---------- Data listing ----------

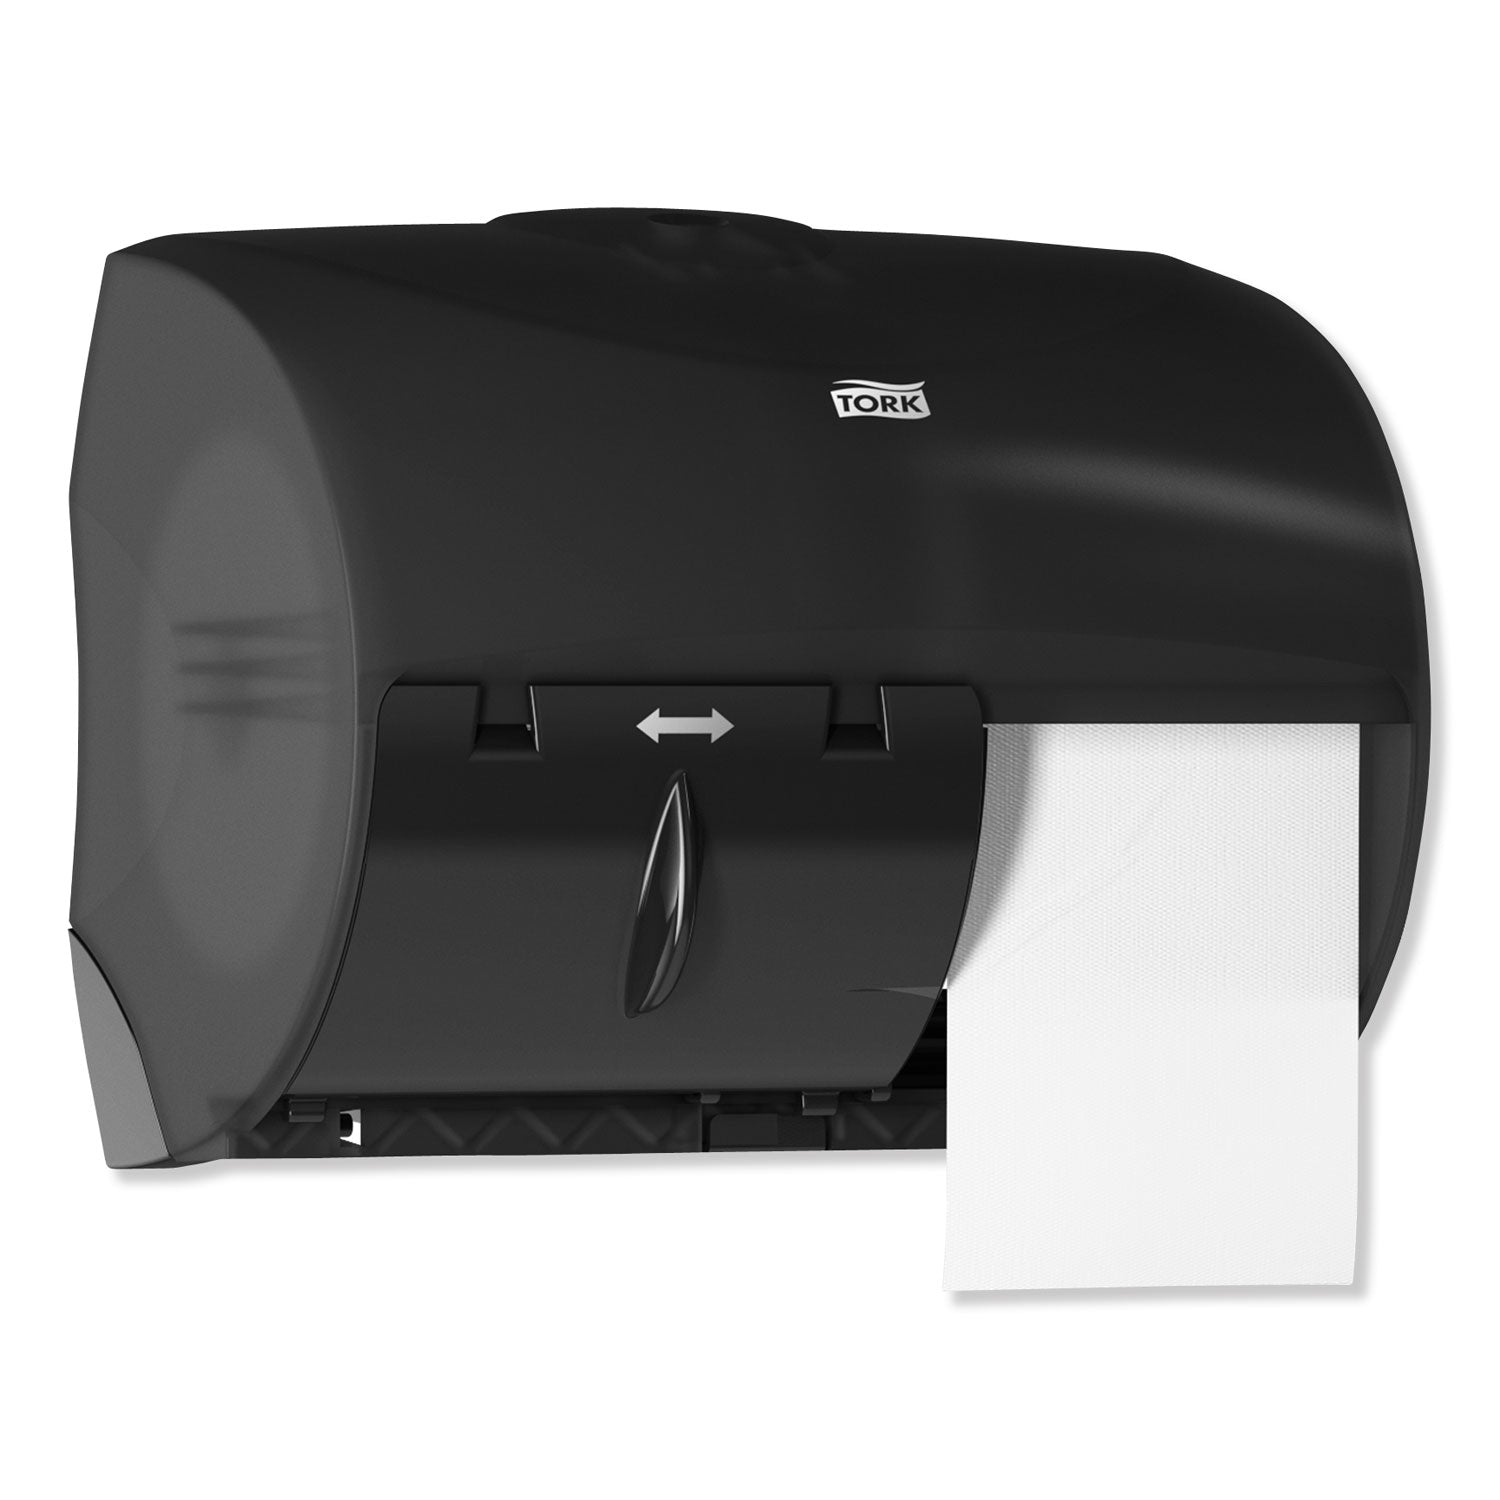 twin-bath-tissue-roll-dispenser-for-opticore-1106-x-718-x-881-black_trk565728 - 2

----------
---------- Data listing ----------

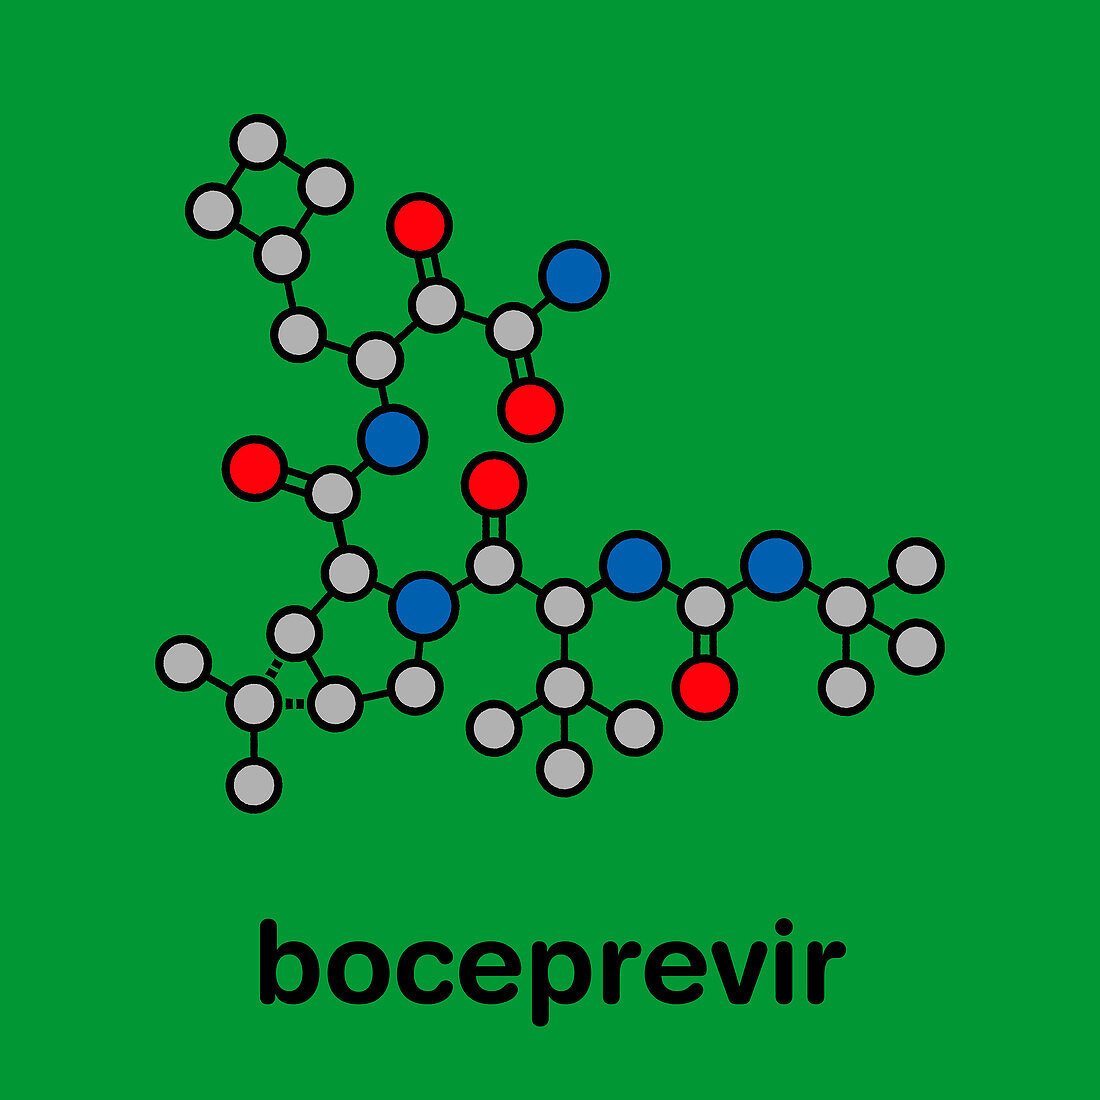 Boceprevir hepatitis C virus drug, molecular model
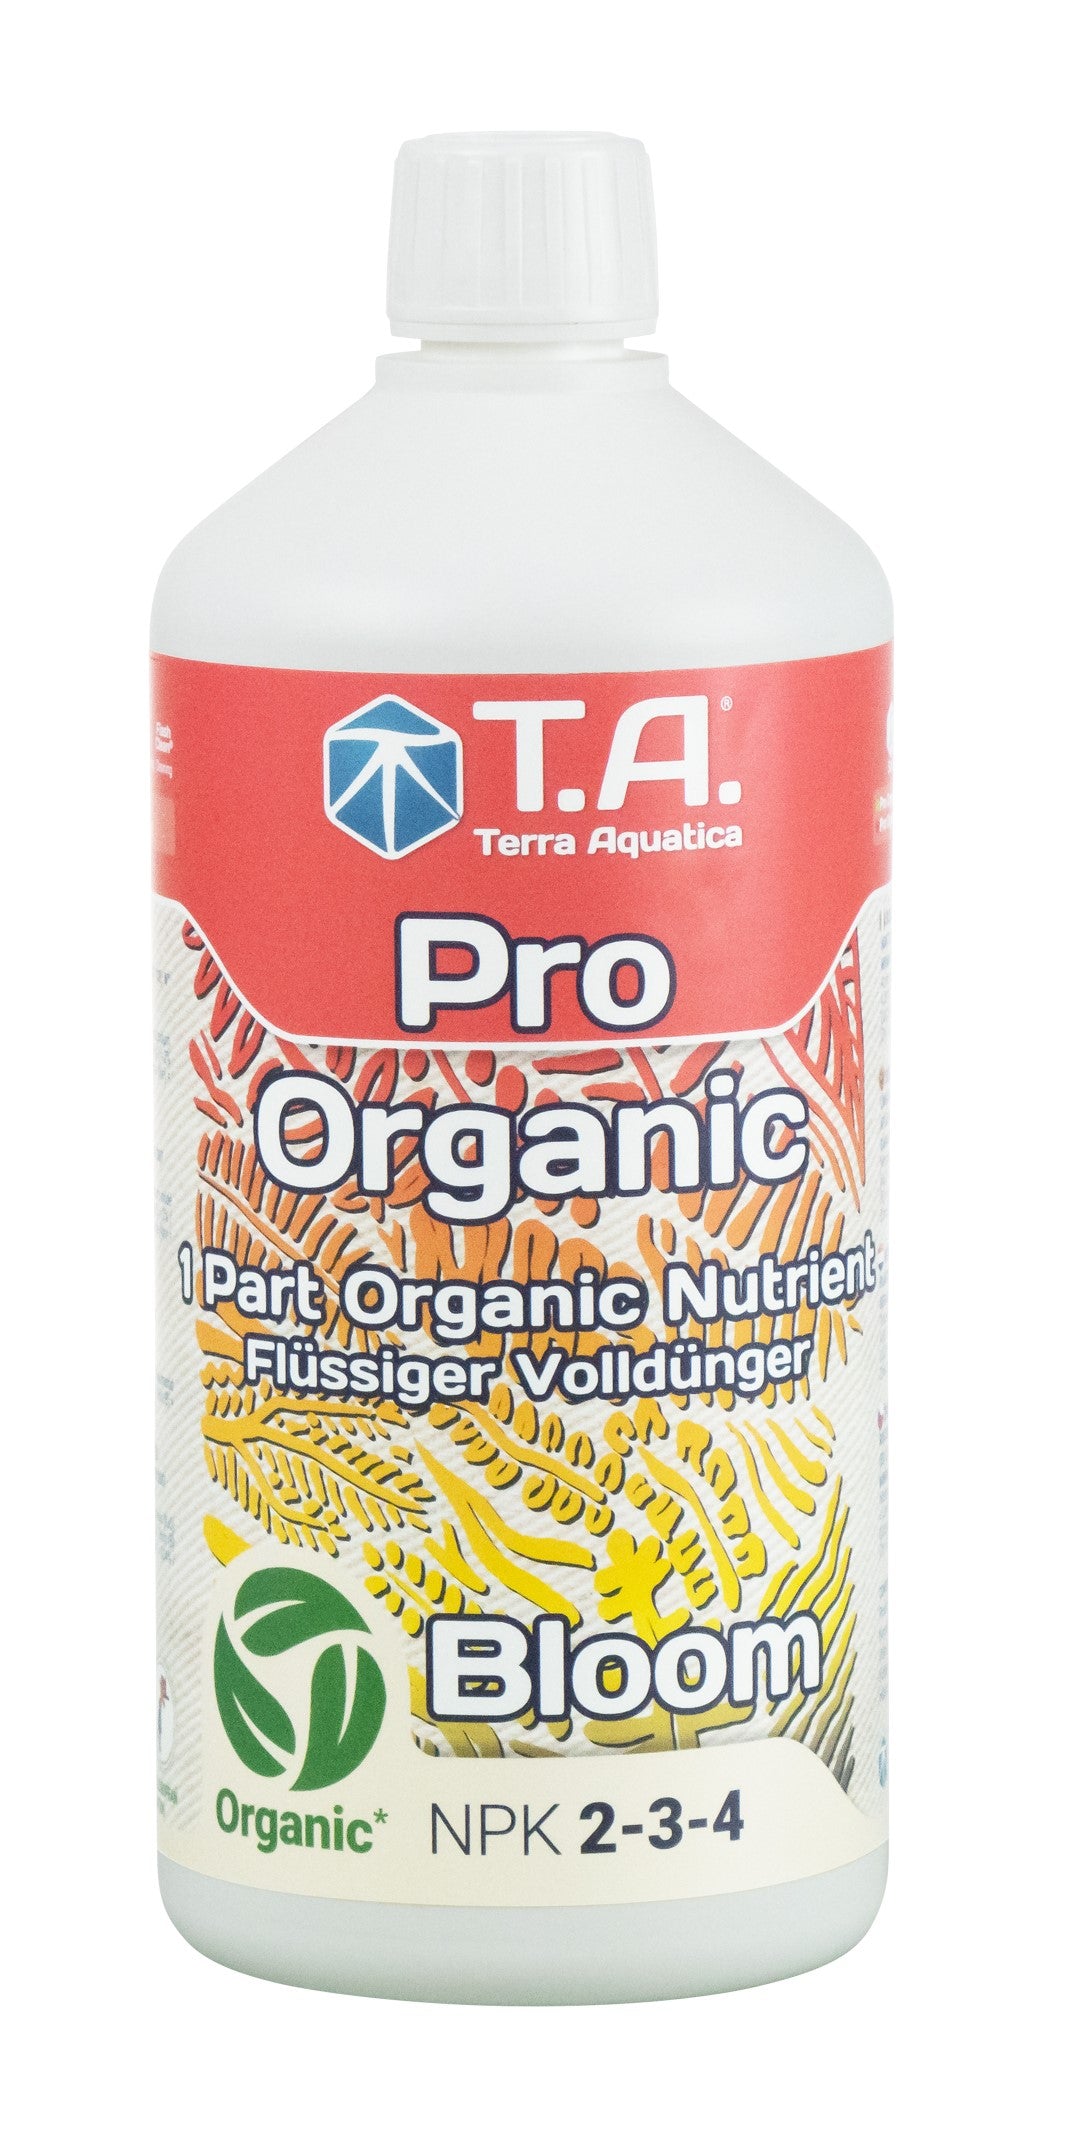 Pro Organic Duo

----------
---------- Data listing ----------

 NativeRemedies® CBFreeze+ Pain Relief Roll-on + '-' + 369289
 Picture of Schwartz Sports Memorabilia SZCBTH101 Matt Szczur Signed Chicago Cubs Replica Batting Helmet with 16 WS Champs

----------

* [Problem] Exactly the lines above from the one with "NativeRemedies® CBFreeze+ Pain" to the one with "Picture of Schwartz", both included, are to be quoted; leave the rest out.

* [Response for this exercise]
 NativeRemedies® CBFreeze+ Pain Relief Roll-on + '-' + 369289
 Picture of Schwartz Sports Memorabilia SZCBTH101 Matt Szczur Signed Chicago Cubs Replica Batting Helmet with 16 WS Champs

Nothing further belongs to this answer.